Your goal: Without including any pictures, copy every line below exactly.

┌─ Collected material

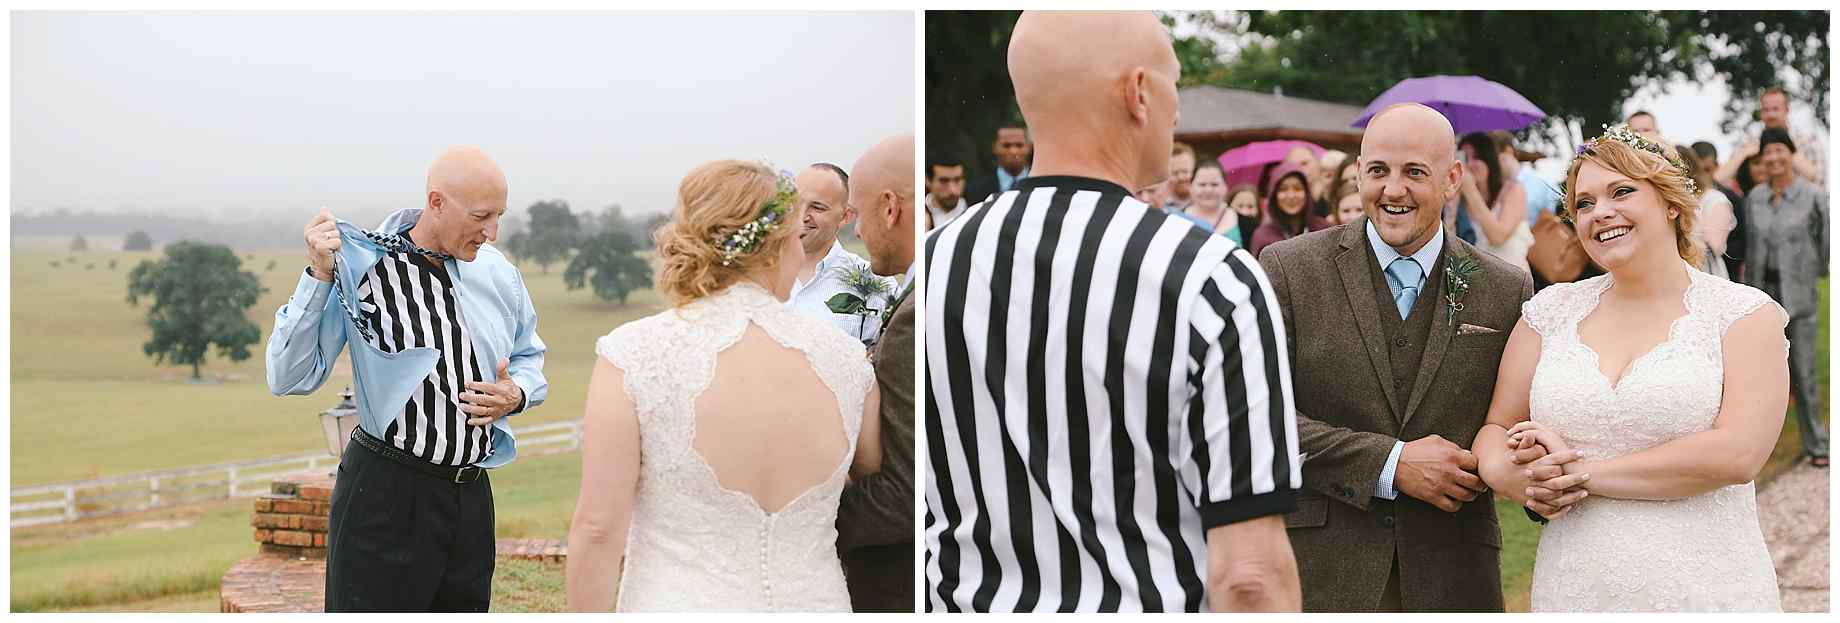 palestine-tx-wedding-photography-019
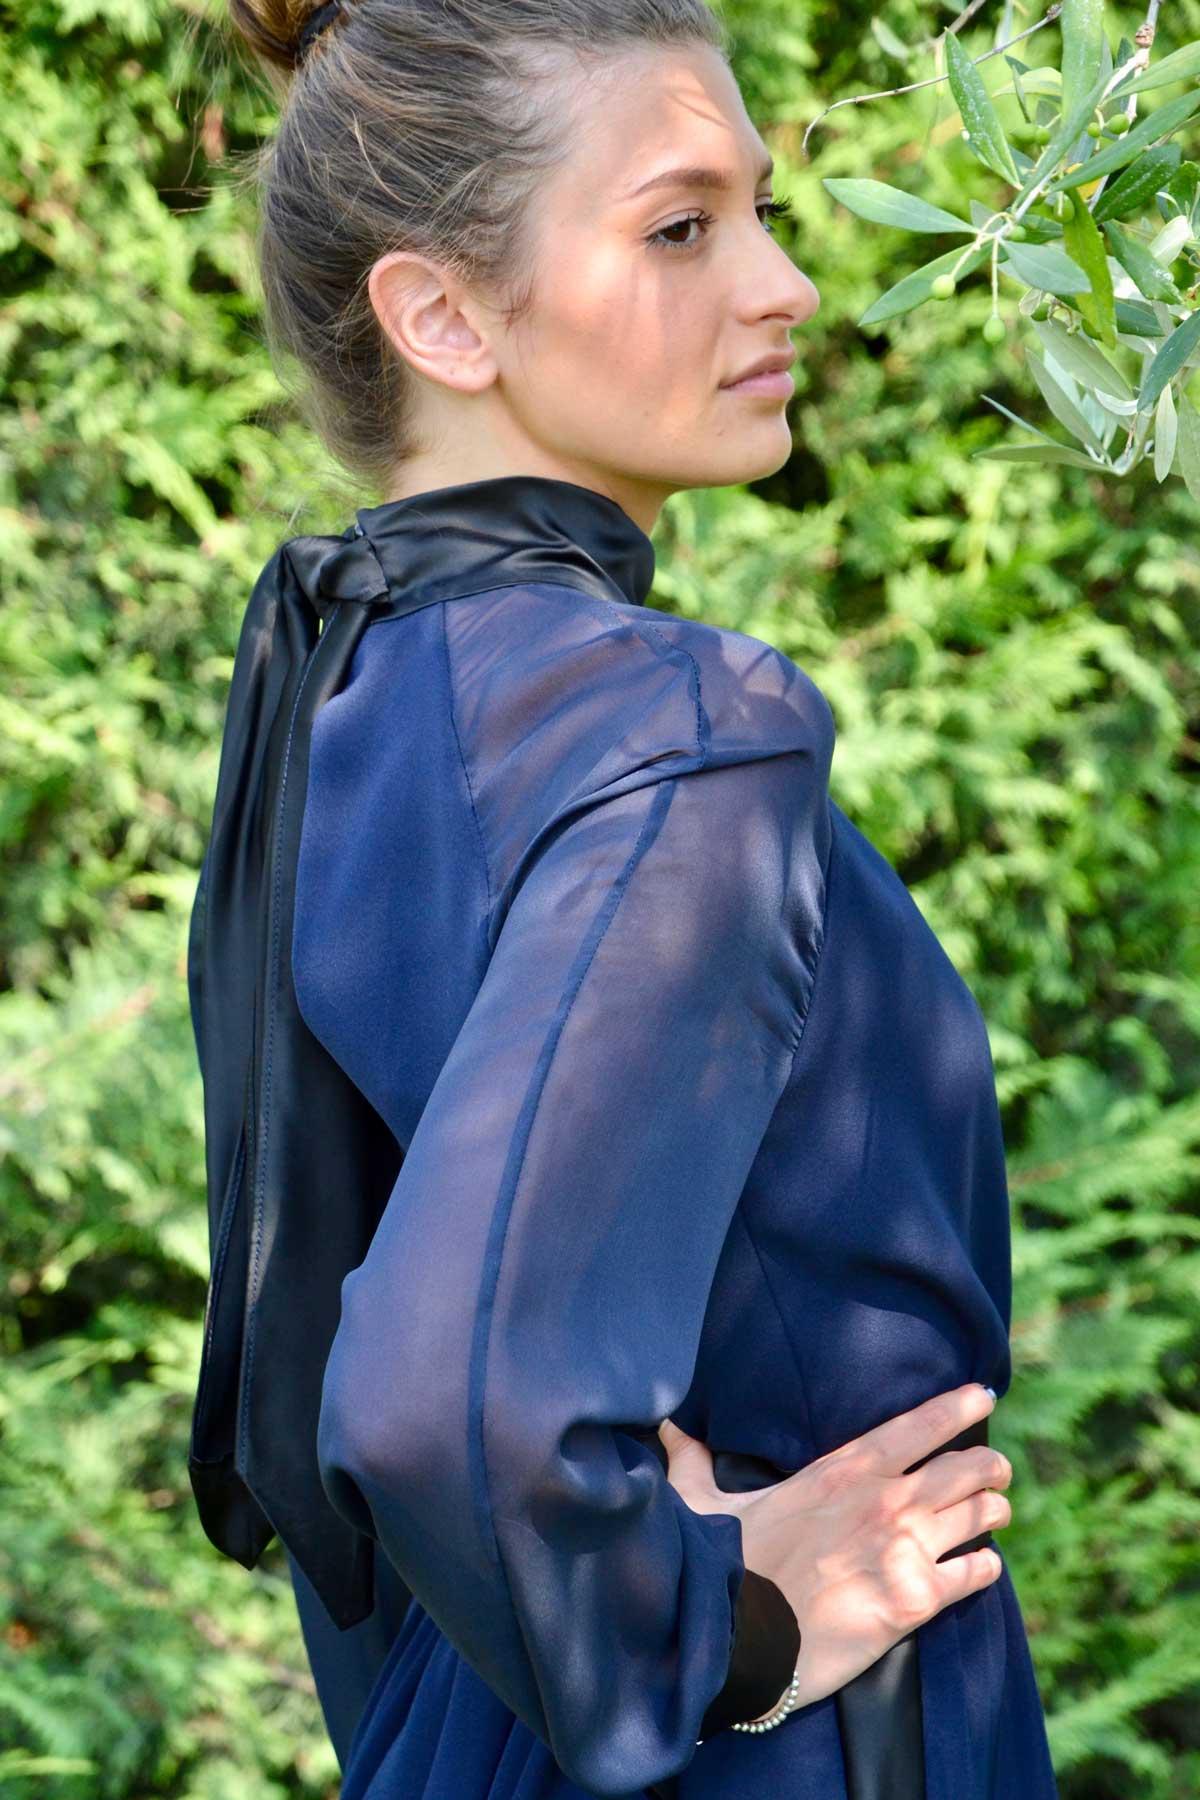 matteo-perin-women-clothing-dress-012.jpg
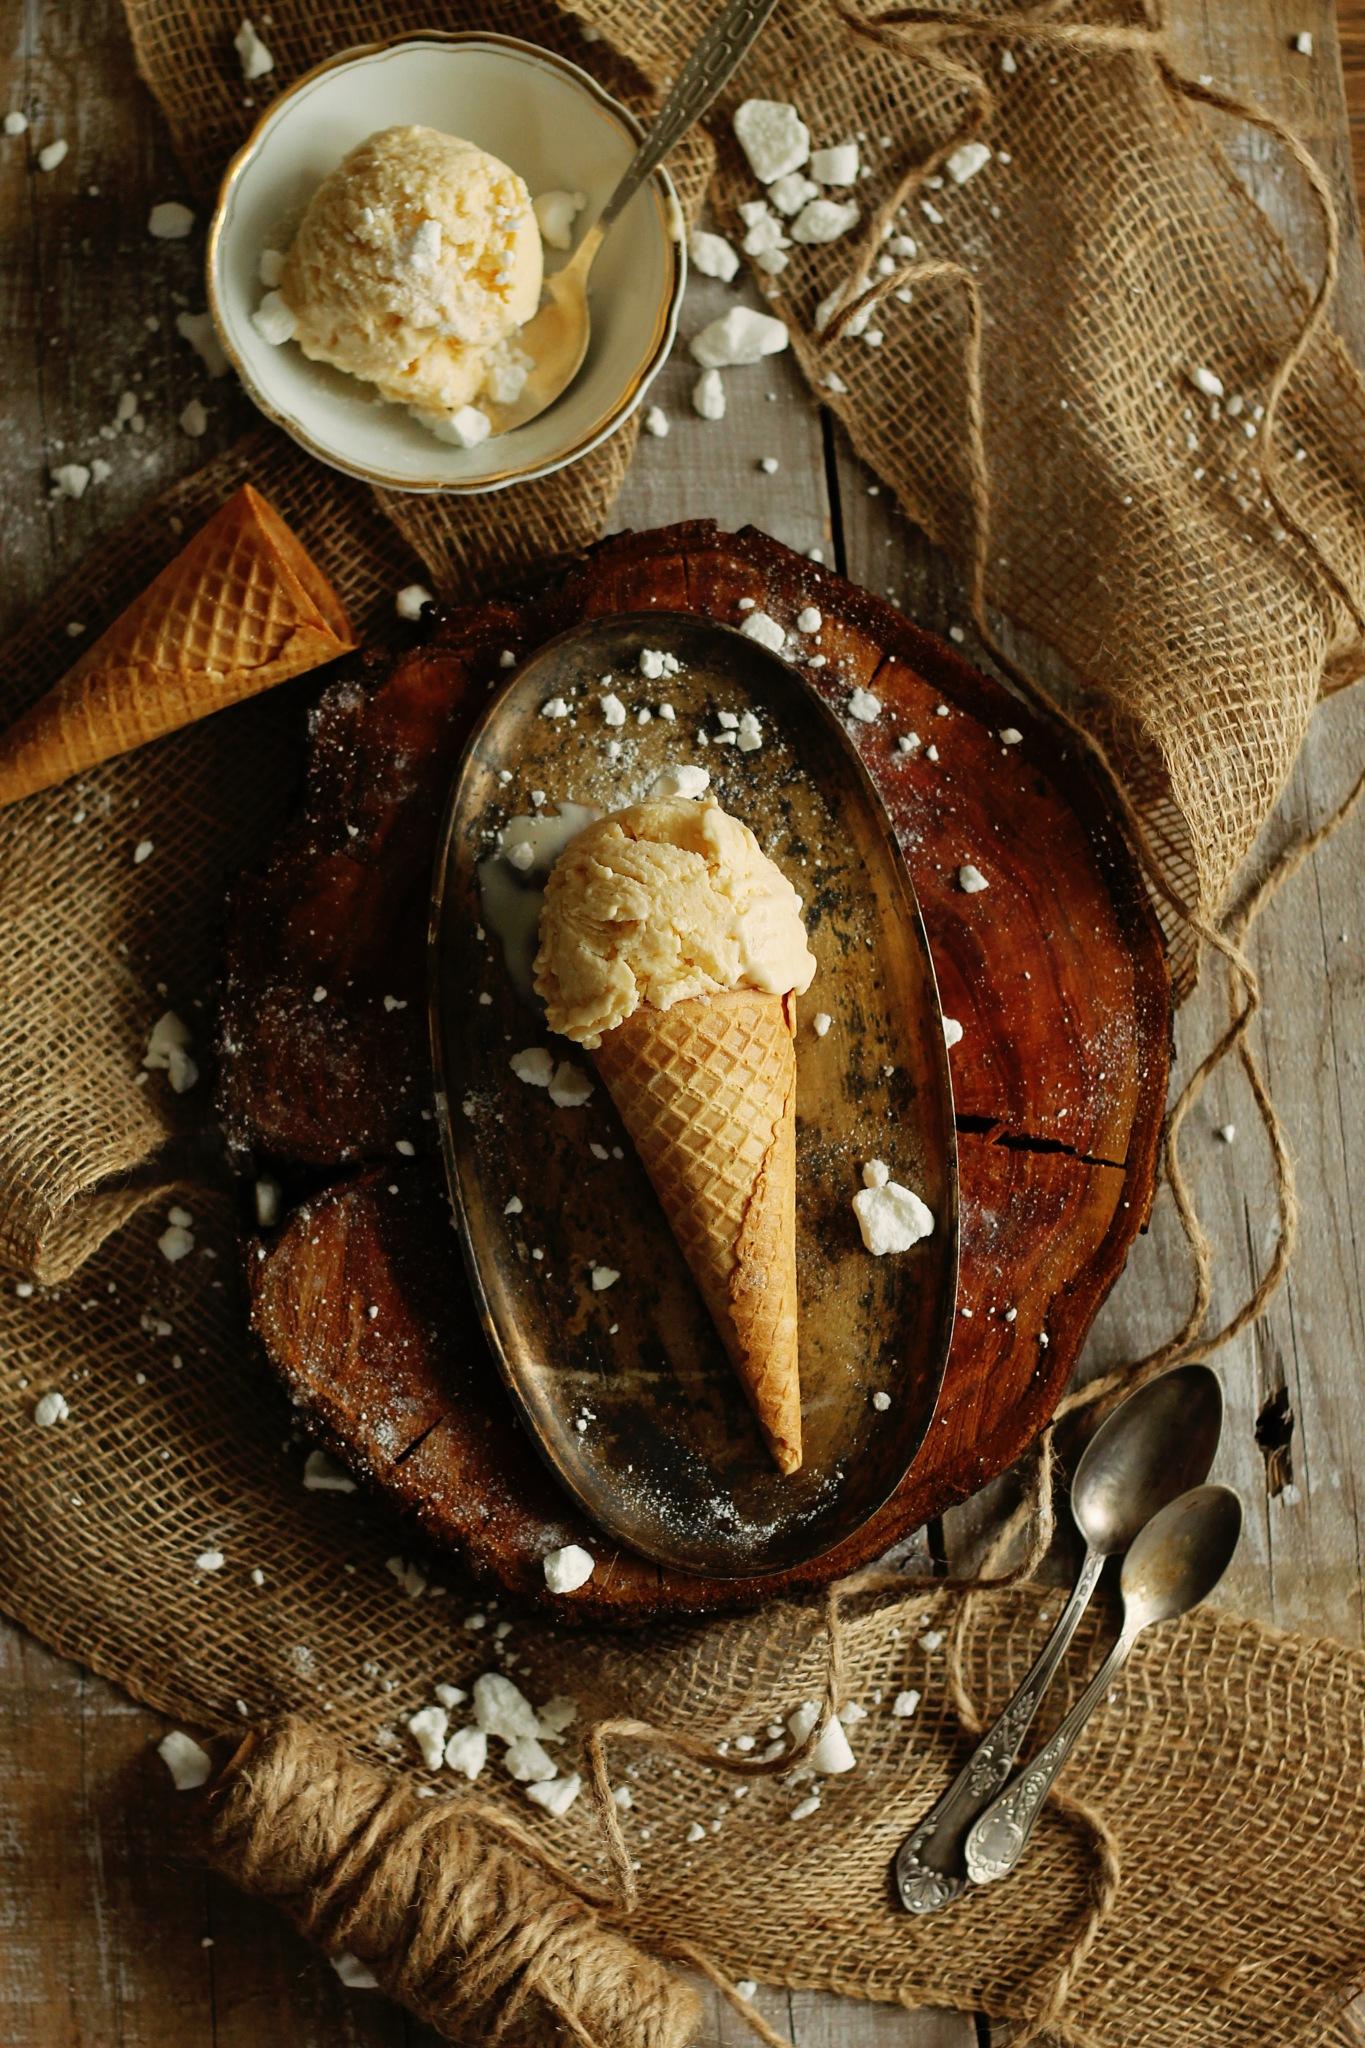 Brown butter ice cream by Zaneta Hajnowska

└─

Exercise output:
 palestine-tx-wedding-photography-019
 matteo-perin-women-clothing-dress-012.jpg
 Brown butter ice cream by Zaneta Hajnowska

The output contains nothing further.